Based on typical mortgage rate forecasts here, we calculated the numbers on what homeowners are likely to pay, using the amount owed at $100,000. This allows for easy multiplication by the value of individual mortgages.
The typical forecast is that the one-year fixed rate will hit the low 5% range over the next two years. Economist Tony Alexander predicts that the one-year fixed rate will be 4.75% next February and 5.25% in February 2024, for example.
Mortgages Online director Hamish Patel says many people exiting their current mortgage terms this year have rates around 2.5%. At this rate, monthly repayments on a $100,000 loan over 30 years are $395.
But if the rate goes up to 4.50%, the monthly repayments amount to $507. At 5.0% they are $537, and at Alexander’s forecast of 5.25% they will be $552.
When this is applied to the national median price, which the latest Real Estate Institute figures put at $880,000 in January, it shows just how big the increase can be for those with large loans.
Assuming a 20% deposit for a home loan at the national median price, monthly repayments at 2.50% would be $2,782. If the rate went to 5.25%, monthly repayments would be $3,888.
Of the major centers, Auckland has the highest property prices. The current median price in the area is $1.2 million, according to the Real Estate Institute.
With a 20% down payment, the monthly repayments of the 2.50% loan would be $3,793. At 5.25%, they would rise to $5,301.
While the repayment increases are significant, Patel says most mortgage holders will be able to manage rates of 5% as banks test borrowers’ ability to make repayments at a higher rate. But that means there will be less spending in the economy.

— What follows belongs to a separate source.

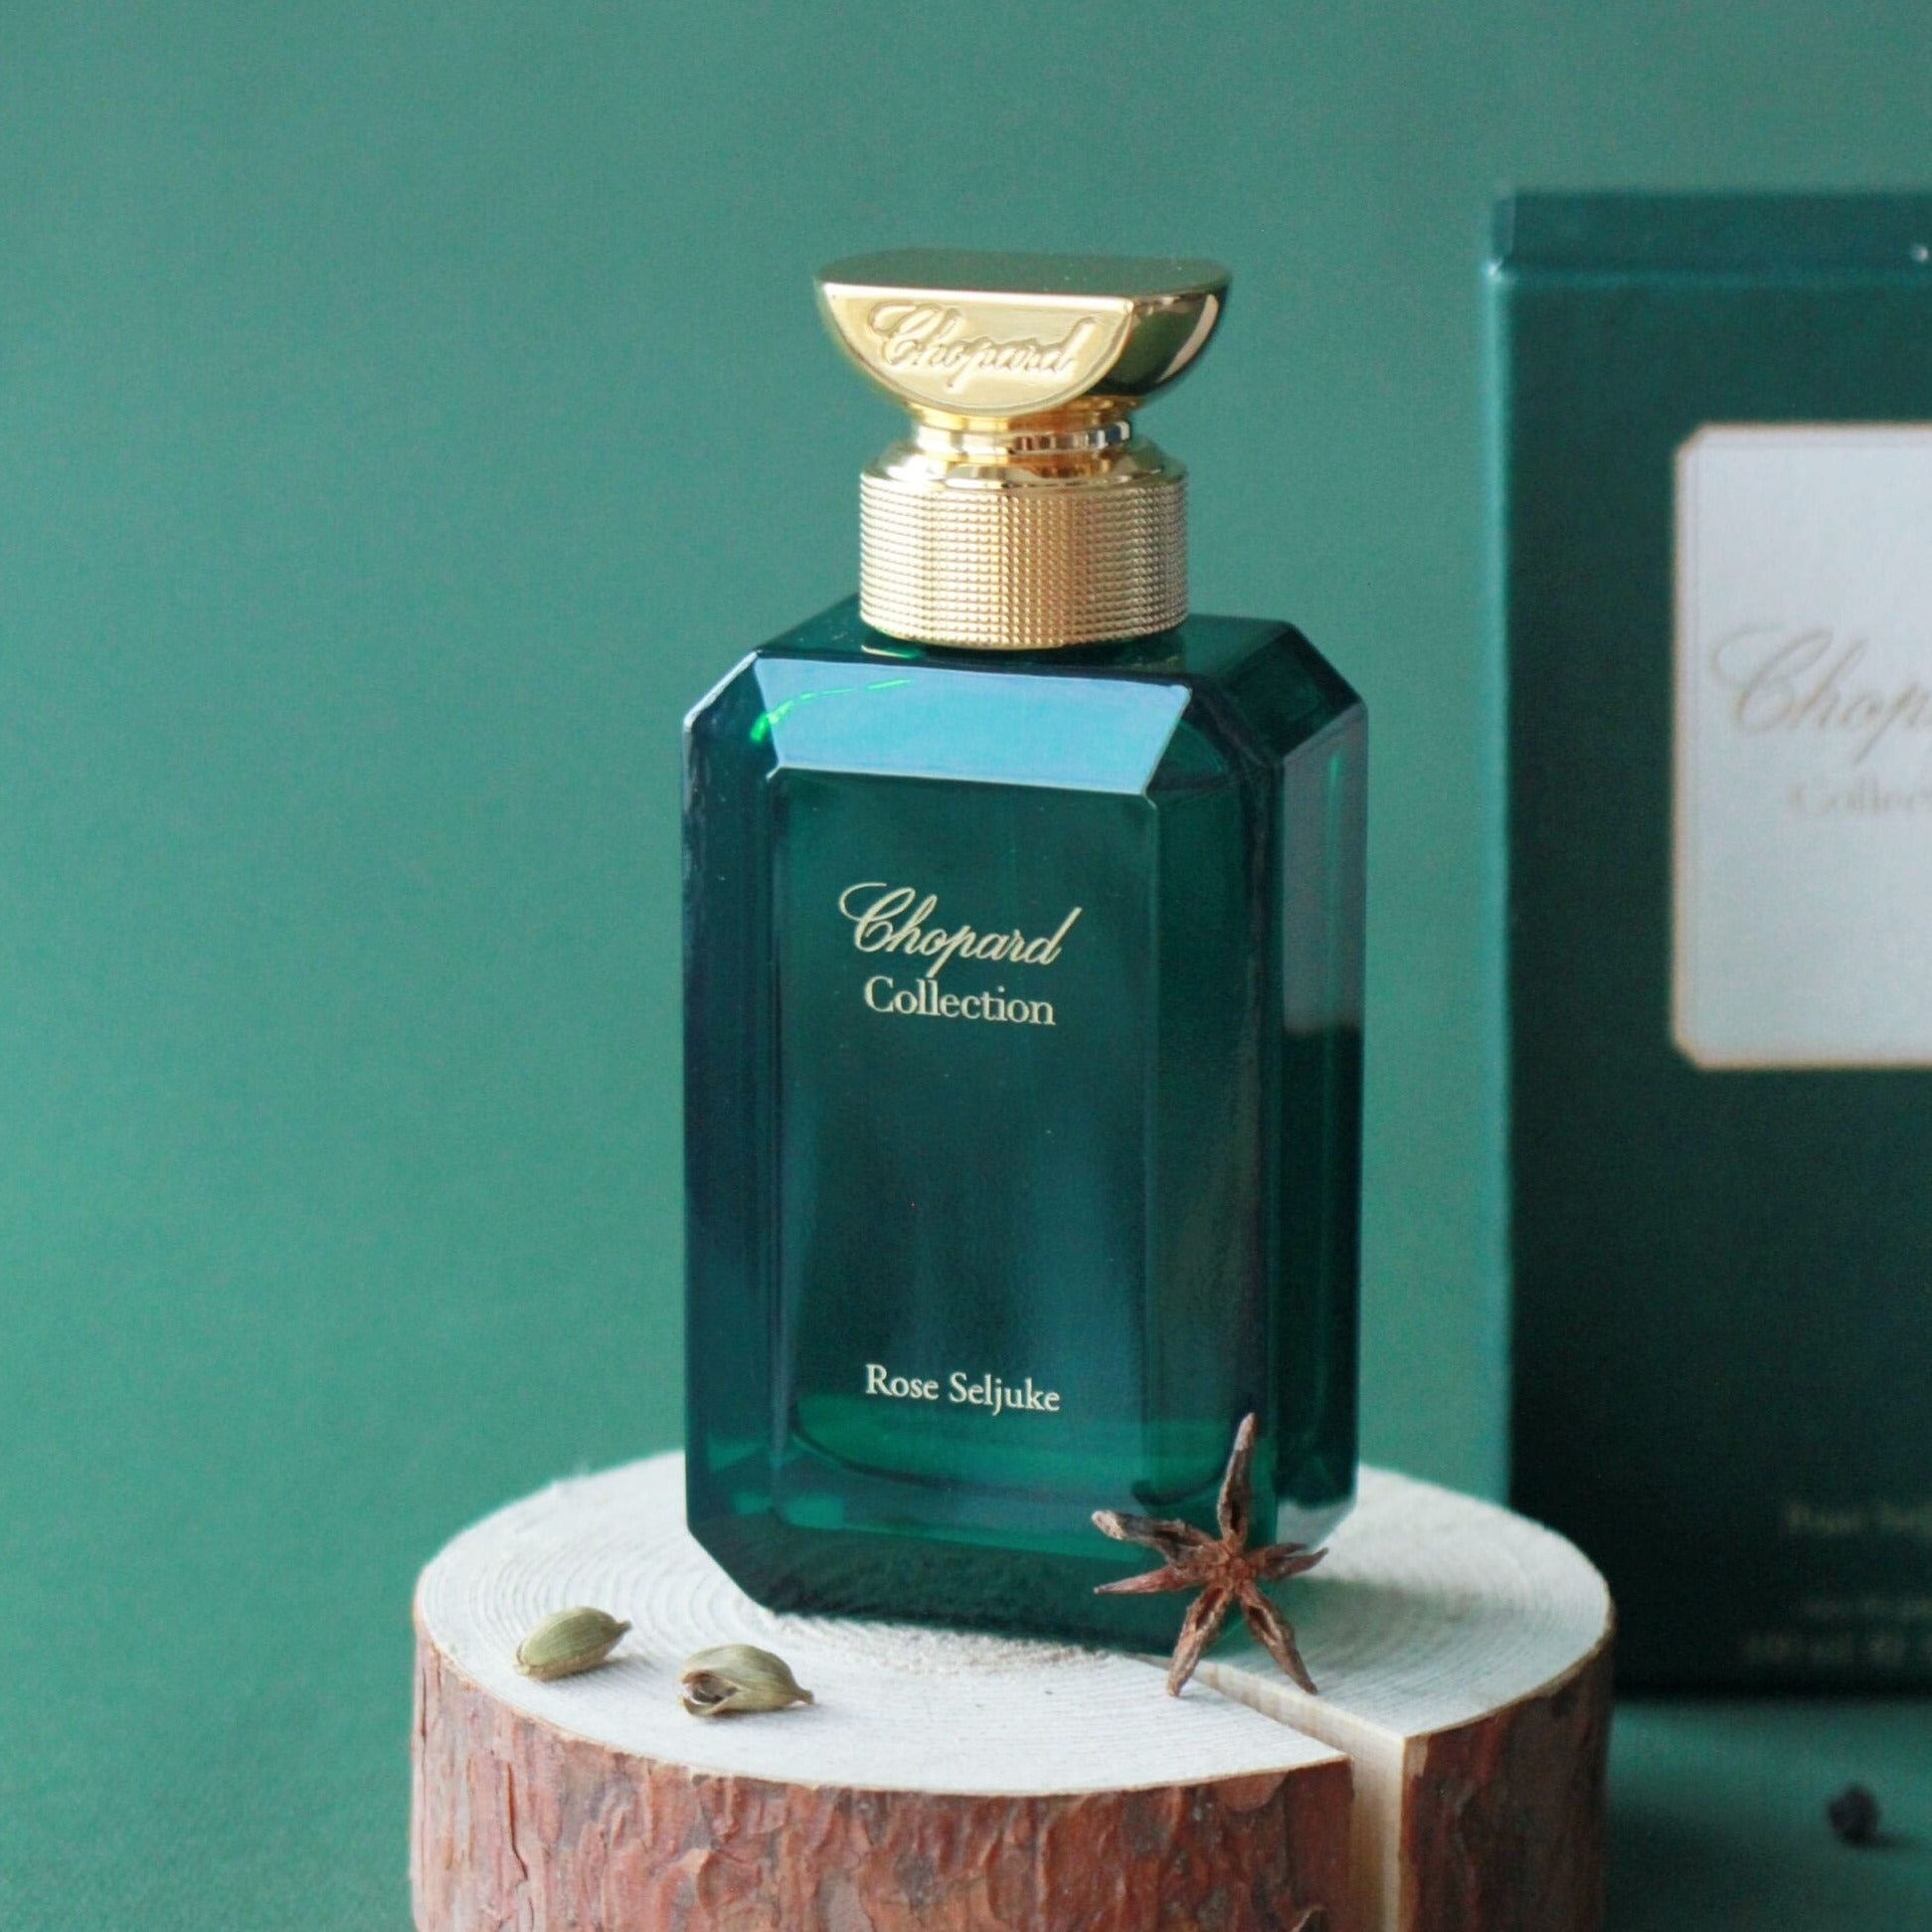 Chopard Collection Rose Seljuke EDP | My Perfume Shop Australia

Alexander also says he’s confident most people will get by, although they might be shocked at the amount of expenses for things like restaurant meals they have to cut to cover the rising costs. .

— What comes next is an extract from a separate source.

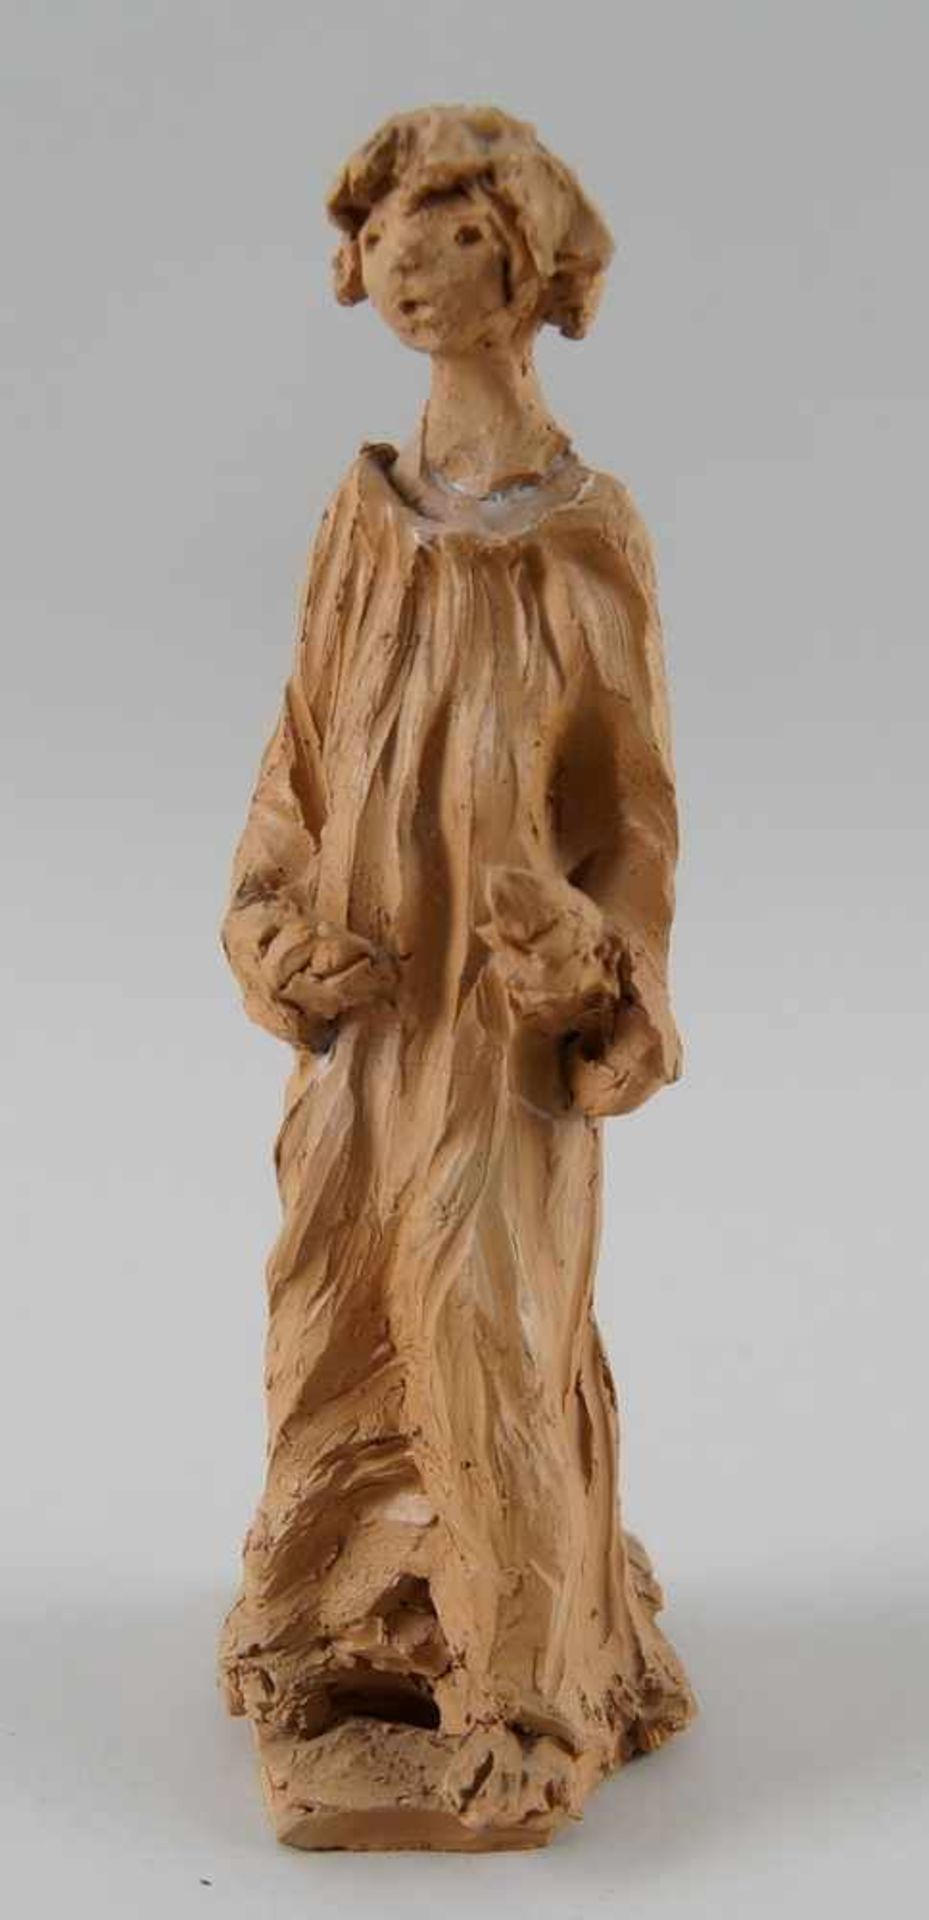 Francesco Messino Skulptur aus Ton, besch., H 25 cm- - -24.00 % buyer's premium on the hammer

But CoreLogic released its latest housing affordability report on Friday, and it showed a sharp rise in mortgage repayments, with households taking out a new home loan now having to spend 48% of their income paying off an 80% mortgage.
CoreLogic’s chief real estate economist, Kelvin Davidson, said another 0.5-0.6% increase in a typical mortgage rate would take that affordability measure to the worst level on record.